HealthDay News — Patients with atopic disease have an increased risk of developing osteoarthritis (OA), according to a study published online March 27 in the Annals of Rheumatic Disease.
Matthew C. Baker, M.D., from Stanford University in California, and colleagues conducted a retrospective cohort study using claims data and electronic health record data to examine the incidence of OA in patients with atopic disease compared with matched, nonexposed patients. A total of 117,346 exposed patients with asthma or atopic dermatitis and 1,247,196 nonexposed patients were included; after propensity score matching, 109,899 were included in each group.

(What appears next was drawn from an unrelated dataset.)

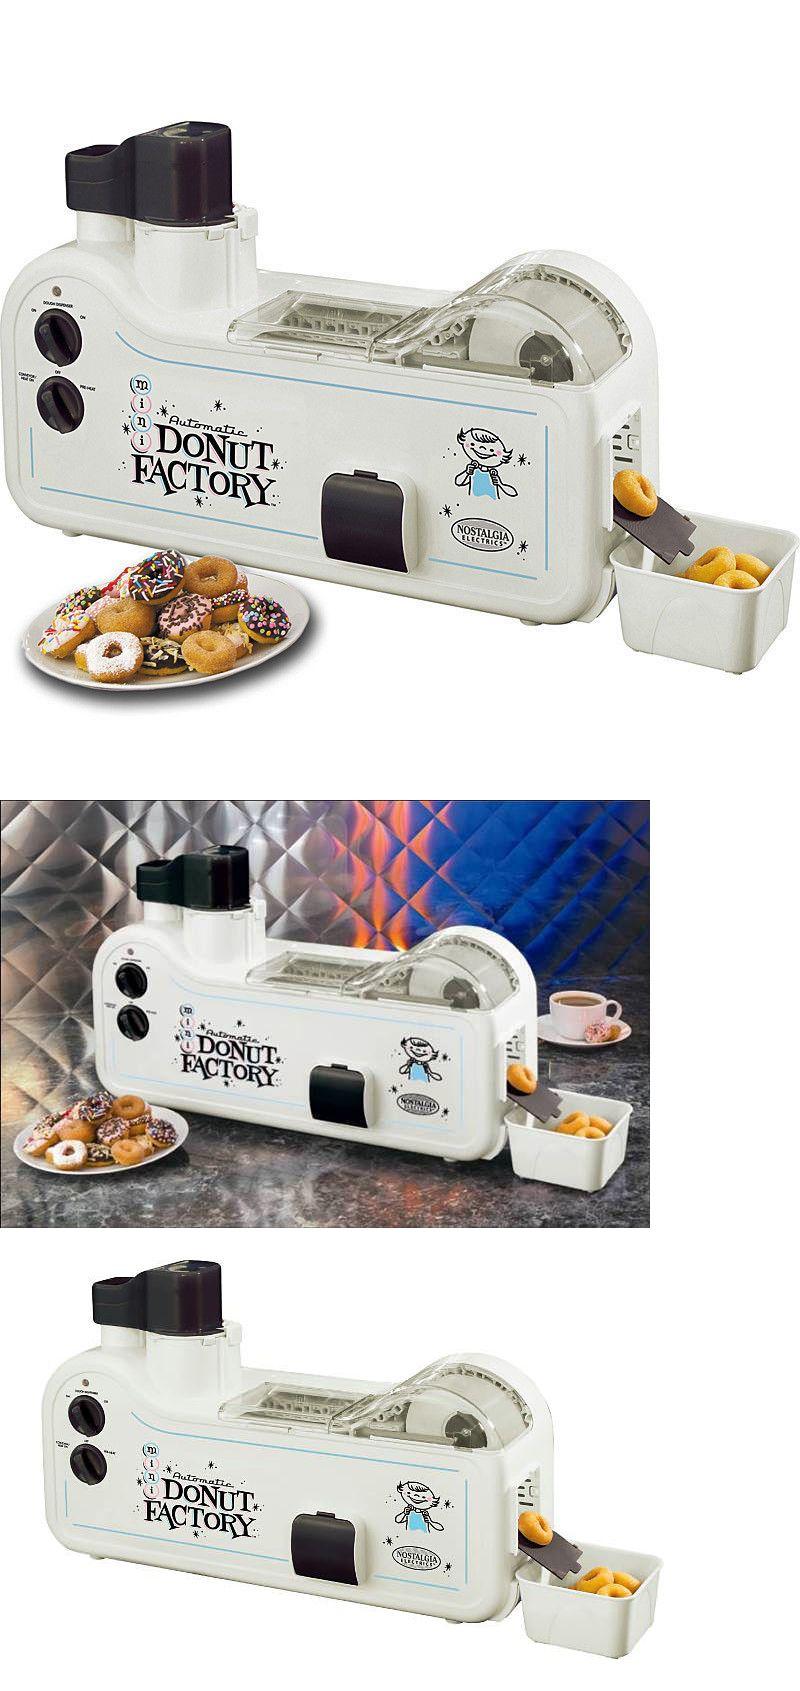 Other Small Kitchen Appliances 20685: Mini Donut Maker Factory Nostalgia Electrics Automatic Doughnut Machine Mdf-200 -> BUY IT NOW ONLY: $192.09 on eBay!

The researchers found that compared with nonexposed patients, patients with asthma or atopic dermatitis had higher OA incidence (26.9 versus 19.1 per 1,000 person-years; adjusted odds ratio, 1.58). The effect was more pronounced for patients with both asthma and atopic dermatitis versus nonexposed patients (adjusted odds ratio, 2.15) and for those with asthma versus those with chronic obstructive pulmonary disease (adjusted odds ratio, 1.83). The results were replicated in an independent dataset (Stanford Research Repository [STARR]), which also included body mass index data. In STARR, the adjusted odds ratio for developing OA in patients with asthma or atopic dermatitis was 1.42 compared with nonexposed patients.
“The association between atopic disease and OA is supported by recent observations that mast cells and type II cytokines may play important roles in the pathogenesis of OA broadly, not just in patients with atopic disease,” the authors write. “Our findings provide further support for the concept that allergic pathways may contribute to the development of OA.”